__Directions__
Produce the lines from the one containing "M for Sis Mug" through the end of the material exactly as they appear, both ends included, and leave the pictures out.

__The data__
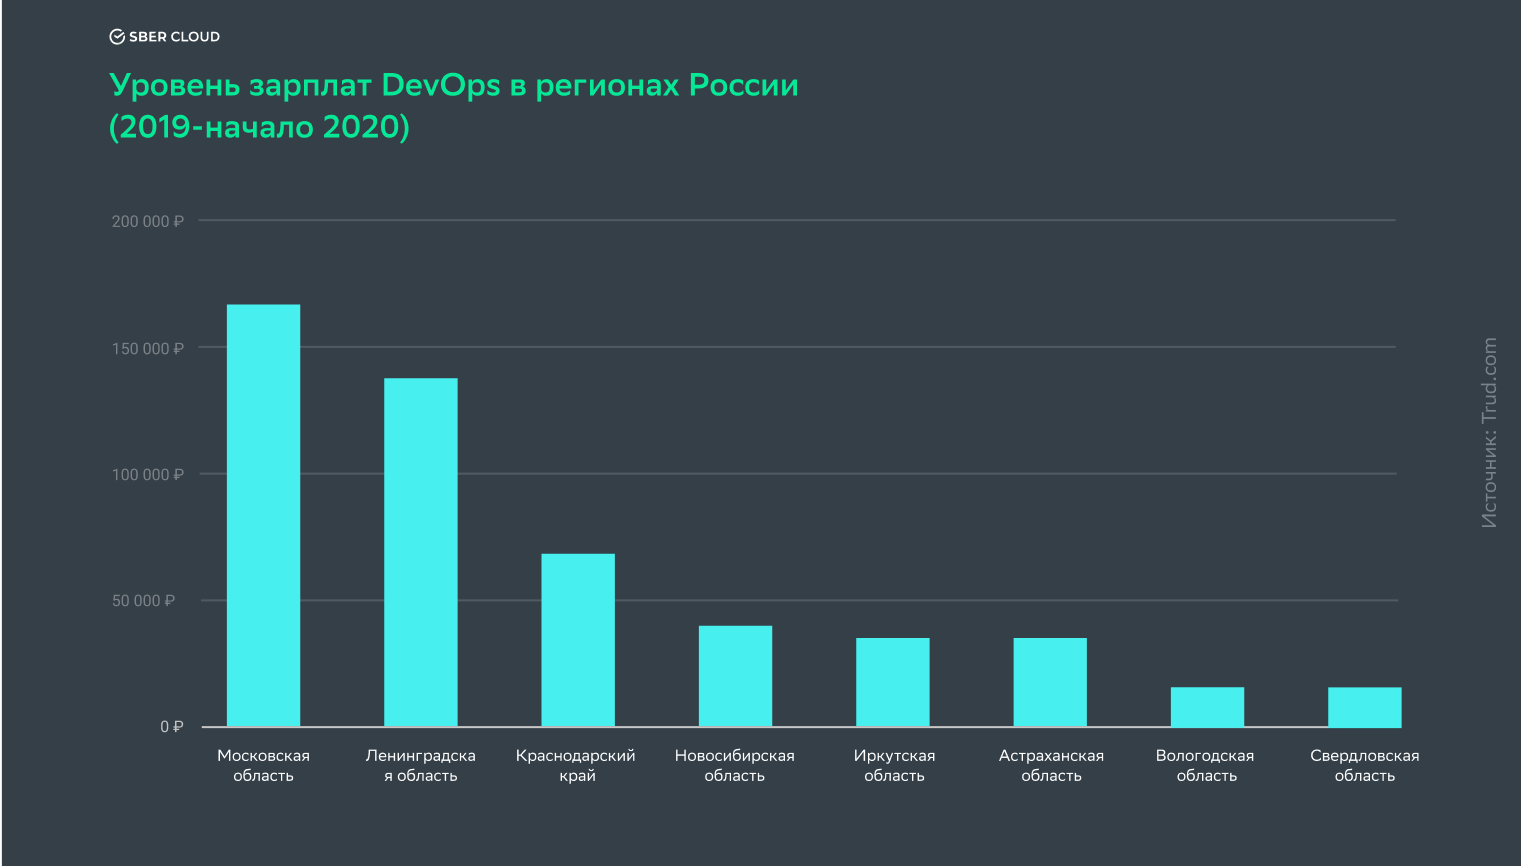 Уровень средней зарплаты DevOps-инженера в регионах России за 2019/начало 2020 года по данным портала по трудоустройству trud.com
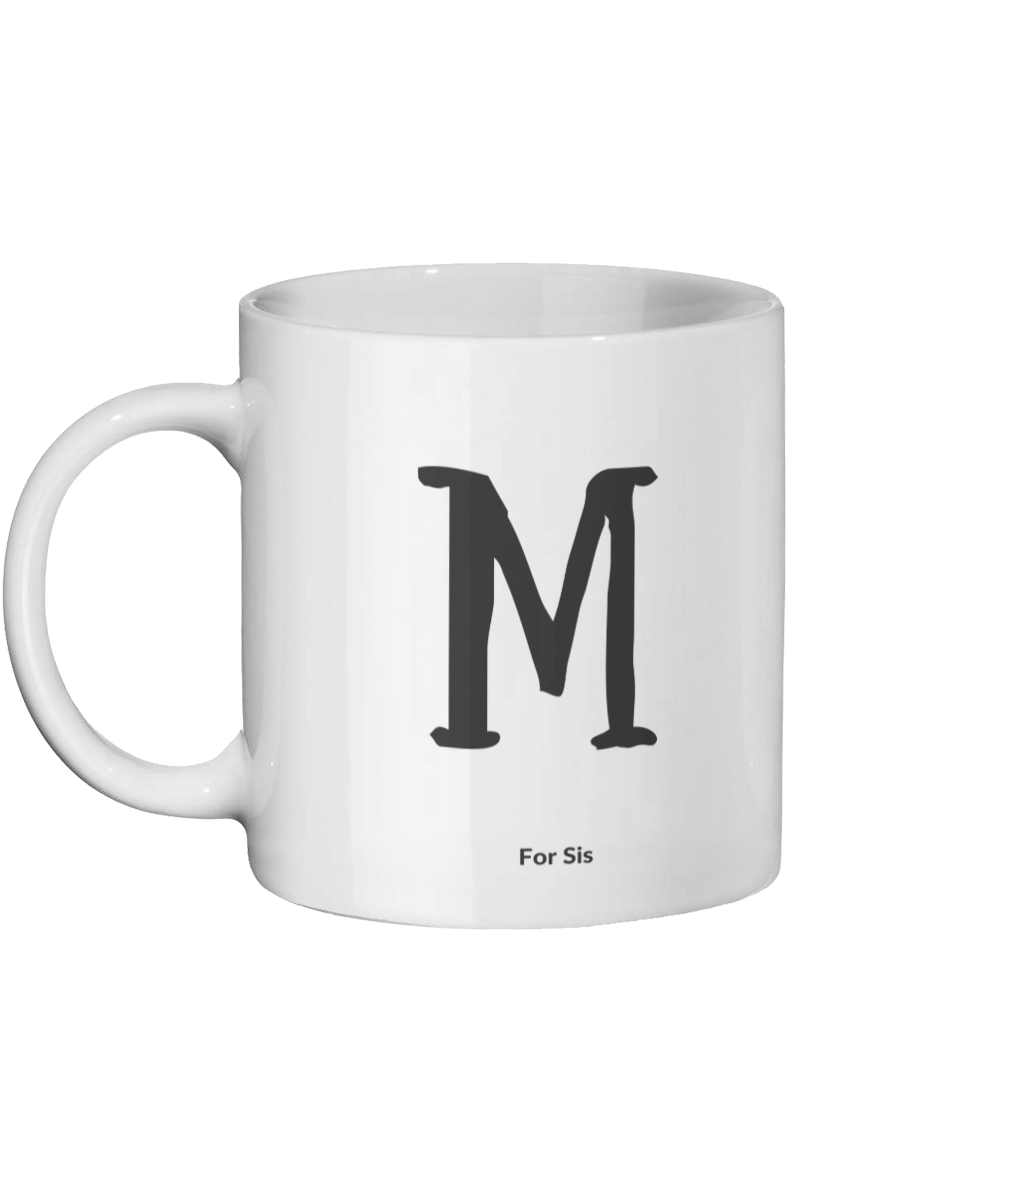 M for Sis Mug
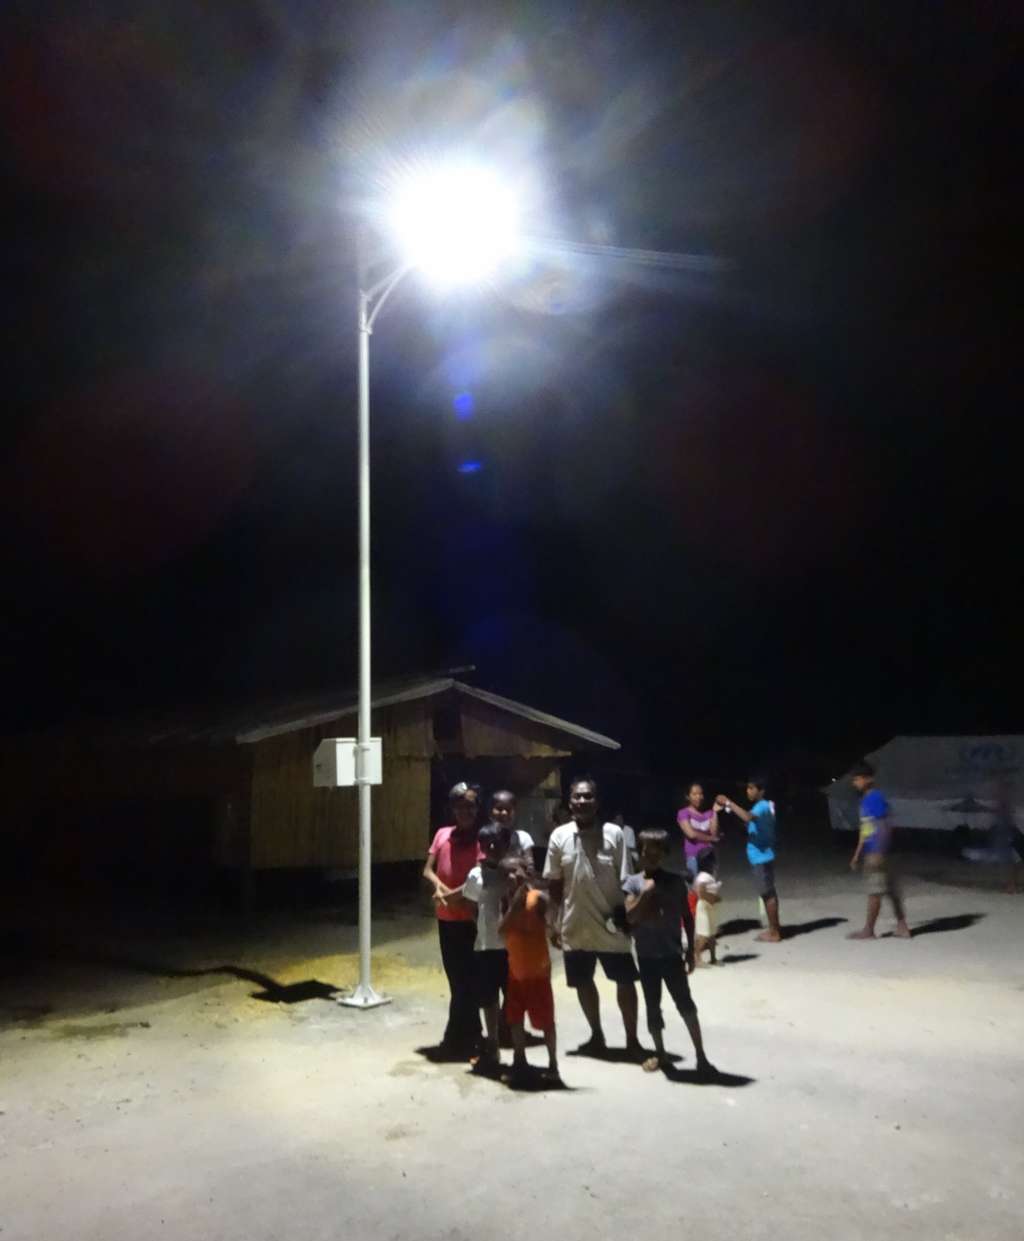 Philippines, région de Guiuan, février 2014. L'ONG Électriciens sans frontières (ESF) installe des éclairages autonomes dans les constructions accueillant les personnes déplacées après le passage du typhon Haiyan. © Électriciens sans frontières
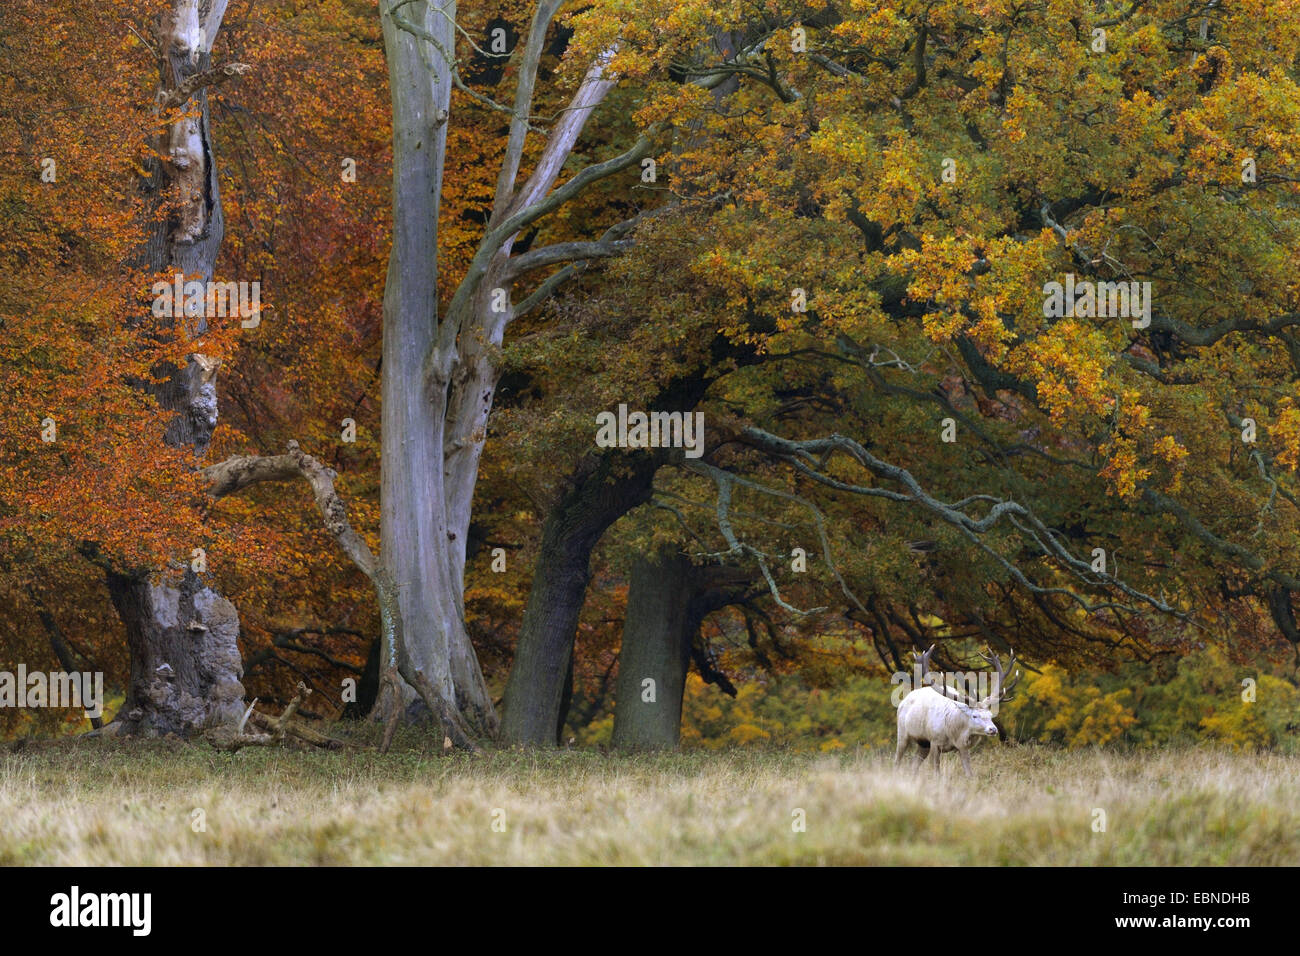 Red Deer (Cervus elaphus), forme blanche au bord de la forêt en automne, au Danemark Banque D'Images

__Solved problem__
 M for Sis Mug
 Philippines, région de Guiuan, février 2014. L'ONG Électriciens sans frontières (ESF) installe des éclairages autonomes dans les constructions accueillant les personnes déplacées après le passage du typhon Haiyan. © Électriciens sans frontières
 Red Deer (Cervus elaphus), forme blanche au bord de la forêt en automne, au Danemark Banque D'Images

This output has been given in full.